Since the connection shown also acts as a mixing stage, the emitter of transistor 1 is supplied with a signal voltage which is to be mixed with the oscillator oscillations. This signal voltage originates, e.g. from a bandpass filter whose secondary circuit is formed by a piece of wire 15, a capacity diode 16 and a series capacitor ^7 • The input signal is supplied to this circuit, e.g. inductively. A coupling sloyfe 18 lying in the emitter line, which is inductively coupled with the line piece 15, transmits the signal to the emitter. The end of the coupling loop 18 which is farthest from the emitter is through a resistor 19 and a decoupling capacitor 20 connected to earth. Optionally, the coupling loop 18 can also be routed along the wire section 5 in the oscillator circuit so that, in addition to the capacitive feedback through the diode 10, an inductive feedback is also achieved.
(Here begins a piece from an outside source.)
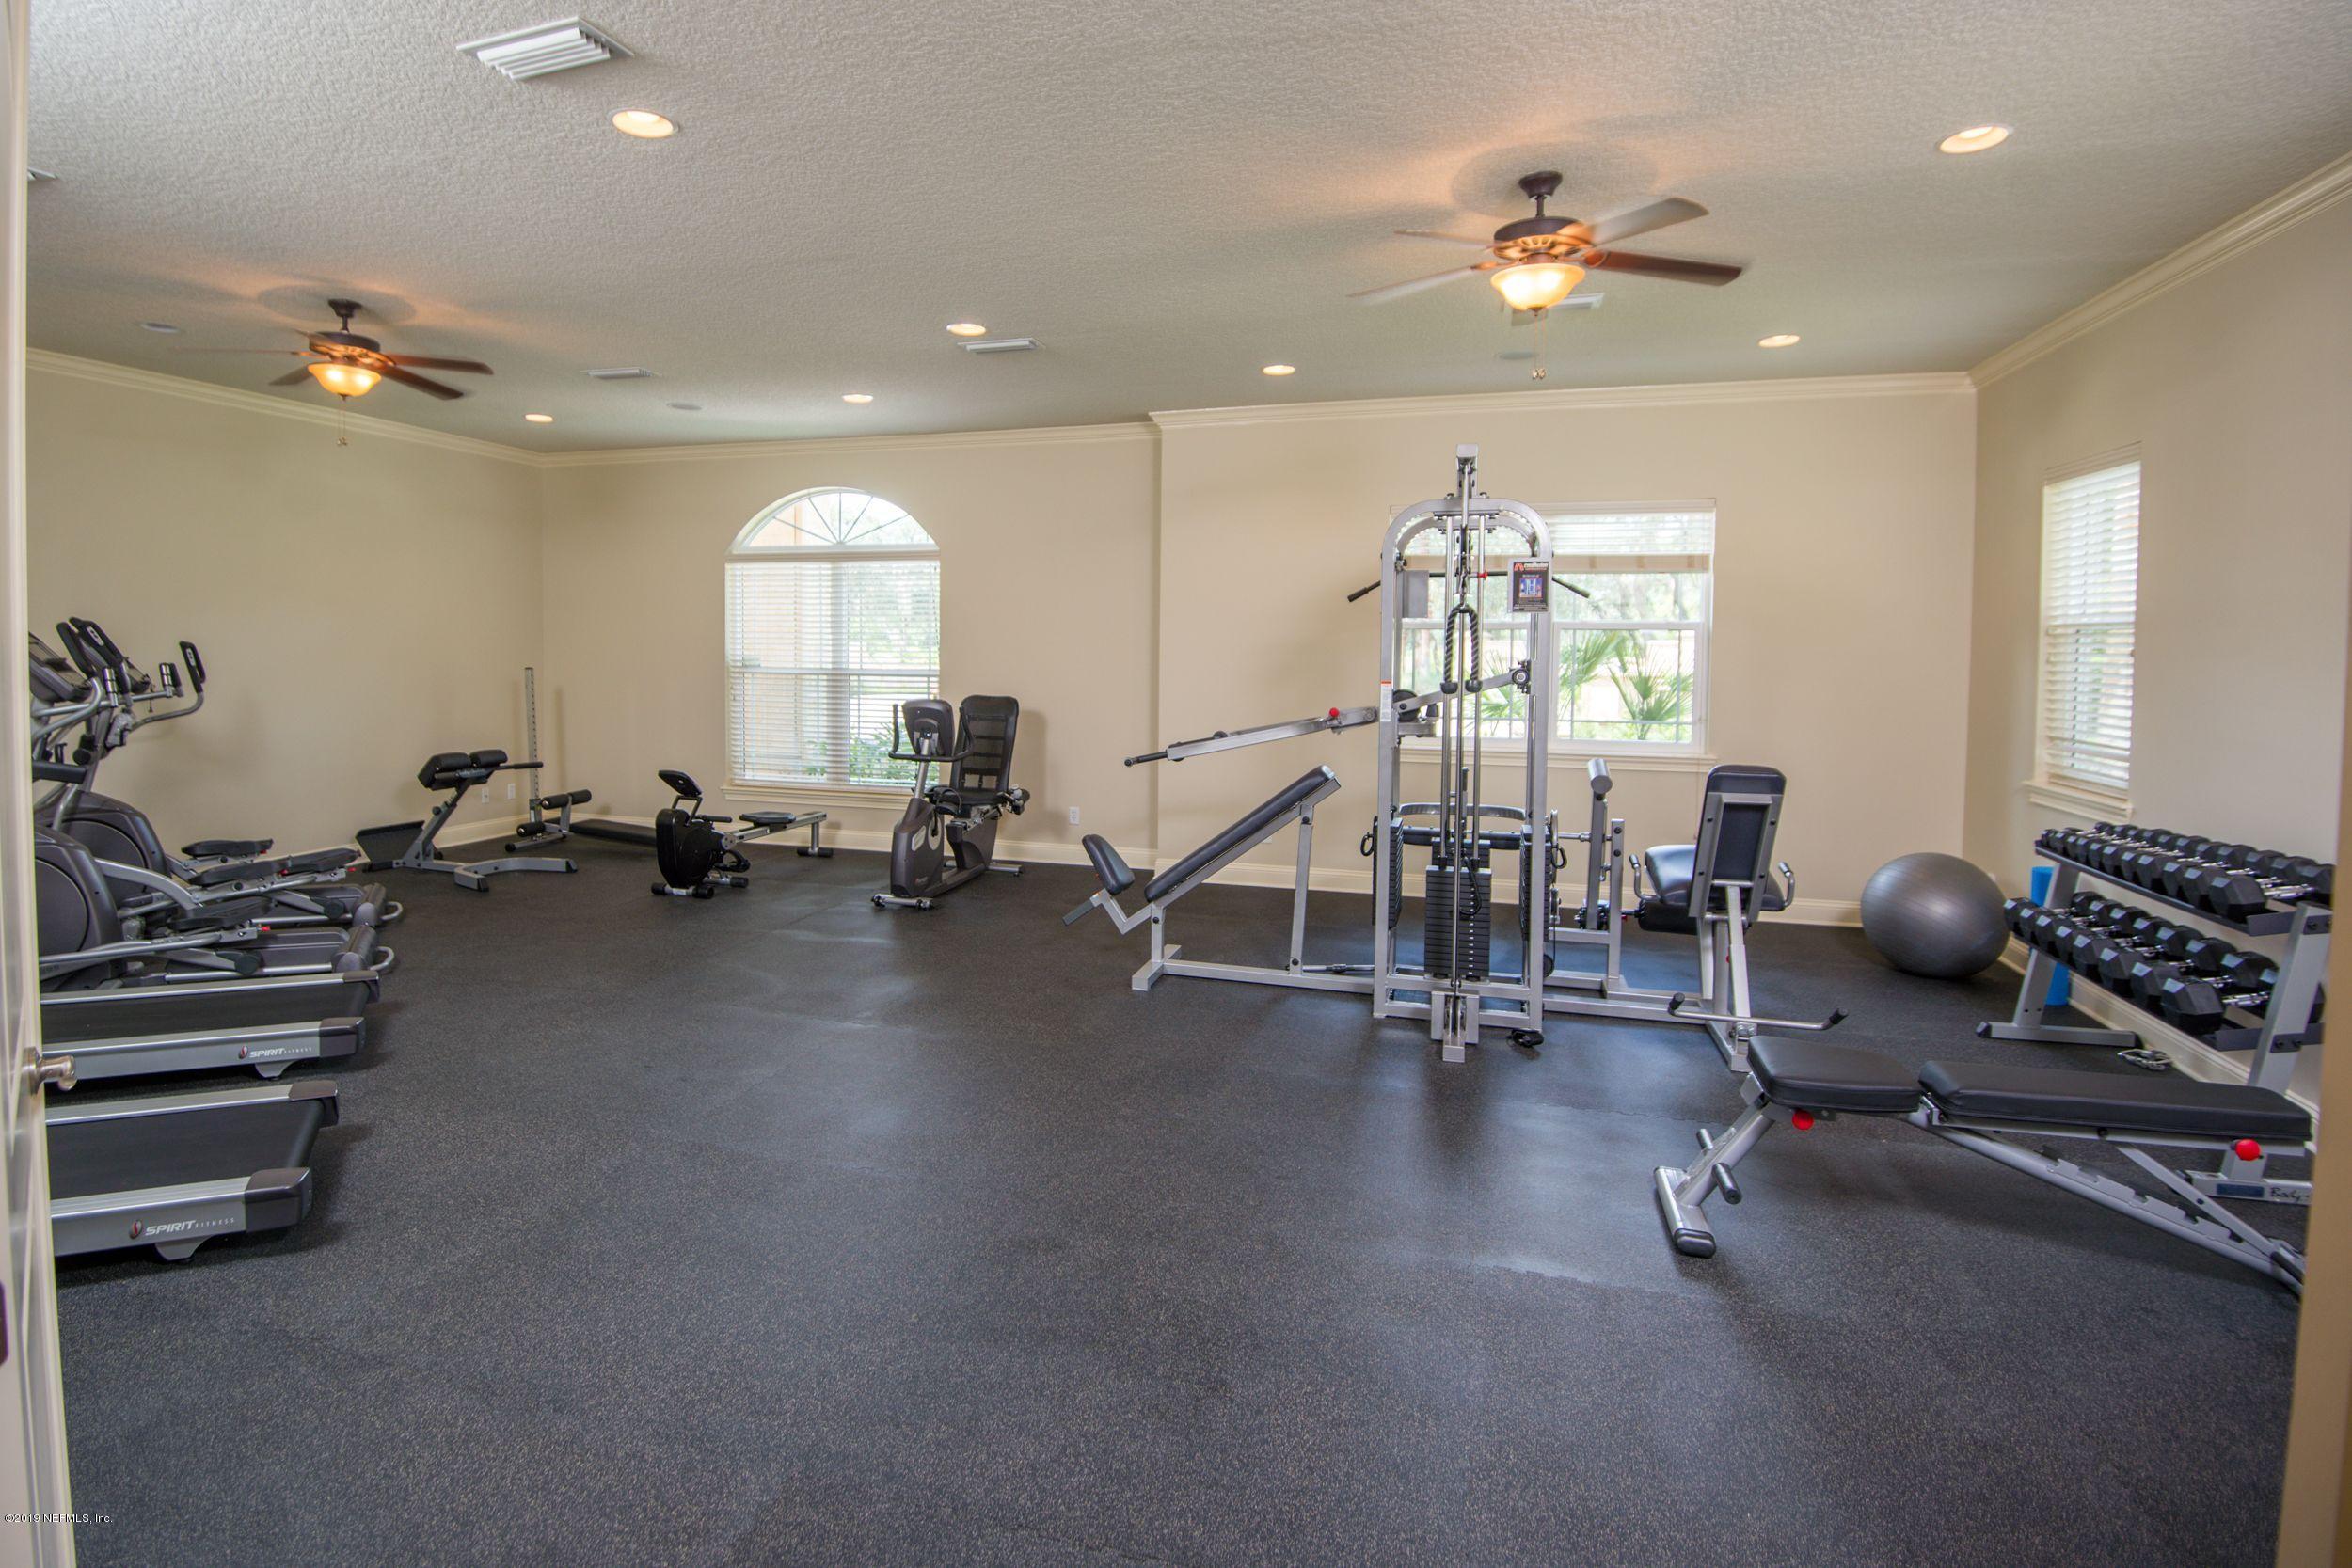 42 ALAFIA, ST AUGUSTINE, FLORIDA 32084, 2 Bedrooms Bedrooms, ,2 BathroomsBathrooms,Condo,For sale,ALAFIA,982100

The tuning voltage U applied to the cathode in the capacitance diodes 6 and 10 is supplied through a resistor 21 to the cathode in the capacitance diode 16, so that the tuning of the bandpass filter circuit 15,16, 17 changes simultaneously with the tuning of the oscillator circuit 5,6,7.

The intermediate frequency signal produced in the transistor 1 can be taken from the output terminal 22 which is connected to the collector of the transistor. The collector DC voltage required for the correct operation of the transistor is also supplied to terminal 22.

Claims (2)

1. Oscillator coupling for ultra-high-frequency oscillations, with a transistor (1) in common-base coupling whose collector is connected to an oscillator circuit (5,6,7) tunable by means of a capacitor diode (6) and with a feedback path containing a second capacitor diode ( 10) whose capacity, when tuning the oscillator coupling, is controlled in the same direction as the first capacity diode, characterized in that the second capacity diode (10) forms part of a parallel oscillating circuit (10,11,14) lying in the feedback path, sora vec* tuning of the oscillator coupling to the higher frequencies of the tuning range is at least approximately in resonance with the frequency of the oscillation produced by the oscillator coupling. 2. Oscillator coupling according to claim 1, characterized in that the oscillator circuit (5,6,7) and the parallel swing circuit (10,11,14) lying in the feedback path contain series (7,11) and/or parallel capacities (9) which are thus dimensioned, that the parallel oscillating circuit (10,11,14) lying in the feedback path, when tuning the oscillator coupling to the lower frequencies of the tuning range, forms a capacitive impedance for the oscillation produced by the oscillator coupling.